Bukan tidak mungkin komputer, internet dan Hp telah merusak harkat kemanusiaan kita. Padahal, bangsa ini mempunyai PR belajar disiplin, jujur, serta lurus, hidup sederhana dengan meminimalisir nafsu serakahnya. Ini agar kita punya Ruang Publik yang ideal,” kata Sutradara Teater Genthong HSA dalam bincang buku kumpulan esai “(Lansia) Indonesia Tanpa Ruang Publik” di ruang paripurna 2 lantai 2 Gedung DPRD DIY Jalan Malioboro No 54 Yogyakarta, Sabtu (24/5/2025).
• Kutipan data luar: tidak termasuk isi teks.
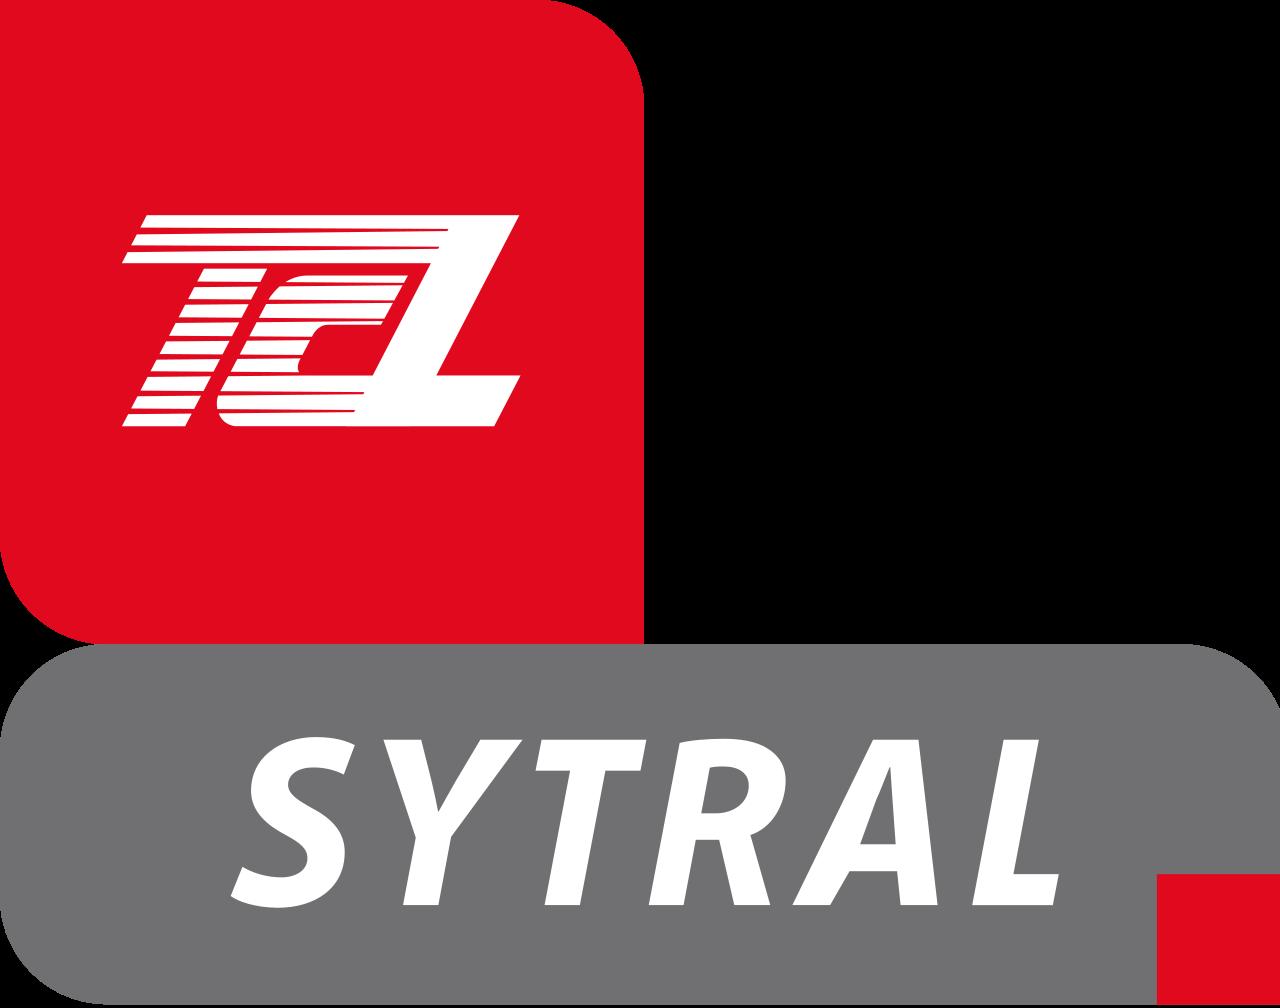 Tcl logo png 8 » PNG Image.

Selain Genthong yang juga penulis naskah/penyair, tampil sebagai narasumber diskusi Anggota DPRD DIY/Fraksi PDI Fajar Gegana, S.T. dan Guru Besar FKG UGM Prof. Dr. Ahmad Syaify, Sp Perio, Subsp RPID (K) FISID, dengan moderator Pengajar Prodi HI FISIP UKI Jakarta V.L. Sinta Herindrasti, M.A. Memberikan sambutan Ketua Fraksi PDI DPRD DIY Yuni Satia Rahayu dan Ketua Sastra Bulan Purnama (SBP) Ons Untoro. Pada kesempatan ini juga diadakan pembacaan puisi oleh Sulis Bambang dan Nia Samsihono, serta musik oleh Joshua Igho. Pembawa acara diskusi adalah Maria Kadarsih.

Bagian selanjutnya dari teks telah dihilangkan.